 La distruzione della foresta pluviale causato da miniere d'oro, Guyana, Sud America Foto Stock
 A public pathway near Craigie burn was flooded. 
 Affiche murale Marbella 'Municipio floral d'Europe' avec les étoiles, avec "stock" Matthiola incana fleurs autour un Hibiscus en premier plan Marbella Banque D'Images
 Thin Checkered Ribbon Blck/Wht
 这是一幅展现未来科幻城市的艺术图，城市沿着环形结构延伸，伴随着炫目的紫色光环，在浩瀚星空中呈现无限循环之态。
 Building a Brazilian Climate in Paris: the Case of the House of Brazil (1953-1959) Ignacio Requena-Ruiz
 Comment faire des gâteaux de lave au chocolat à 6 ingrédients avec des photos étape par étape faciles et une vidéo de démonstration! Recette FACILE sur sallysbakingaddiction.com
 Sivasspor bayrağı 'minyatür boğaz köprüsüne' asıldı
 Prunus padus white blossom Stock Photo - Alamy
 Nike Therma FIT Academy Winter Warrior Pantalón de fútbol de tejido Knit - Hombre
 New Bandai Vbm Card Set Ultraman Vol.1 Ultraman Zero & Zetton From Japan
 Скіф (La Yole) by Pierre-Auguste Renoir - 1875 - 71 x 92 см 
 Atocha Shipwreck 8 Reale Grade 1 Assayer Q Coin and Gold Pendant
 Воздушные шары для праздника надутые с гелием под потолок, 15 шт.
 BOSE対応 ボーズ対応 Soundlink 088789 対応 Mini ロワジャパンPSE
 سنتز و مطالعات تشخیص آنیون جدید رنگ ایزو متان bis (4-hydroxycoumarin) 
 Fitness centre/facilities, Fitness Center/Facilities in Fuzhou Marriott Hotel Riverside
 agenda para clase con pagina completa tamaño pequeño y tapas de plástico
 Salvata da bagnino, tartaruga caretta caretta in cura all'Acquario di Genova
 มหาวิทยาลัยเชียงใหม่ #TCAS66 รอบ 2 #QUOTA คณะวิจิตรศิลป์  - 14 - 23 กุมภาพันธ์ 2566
-- -- --
WHAT IS EXPECTED =
Please return exactly the lines from the first line of the material through the one with "Building a Brazilian", and no lines after it.

ANSWER TO THE PROBLEM =
 La distruzione della foresta pluviale causato da miniere d'oro, Guyana, Sud America Foto Stock
 A public pathway near Craigie burn was flooded. 
 Affiche murale Marbella 'Municipio floral d'Europe' avec les étoiles, avec "stock" Matthiola incana fleurs autour un Hibiscus en premier plan Marbella Banque D'Images
 Thin Checkered Ribbon Blck/Wht
 这是一幅展现未来科幻城市的艺术图，城市沿着环形结构延伸，伴随着炫目的紫色光环，在浩瀚星空中呈现无限循环之态。
 Building a Brazilian Climate in Paris: the Case of the House of Brazil (1953-1959) Ignacio Requena-Ruiz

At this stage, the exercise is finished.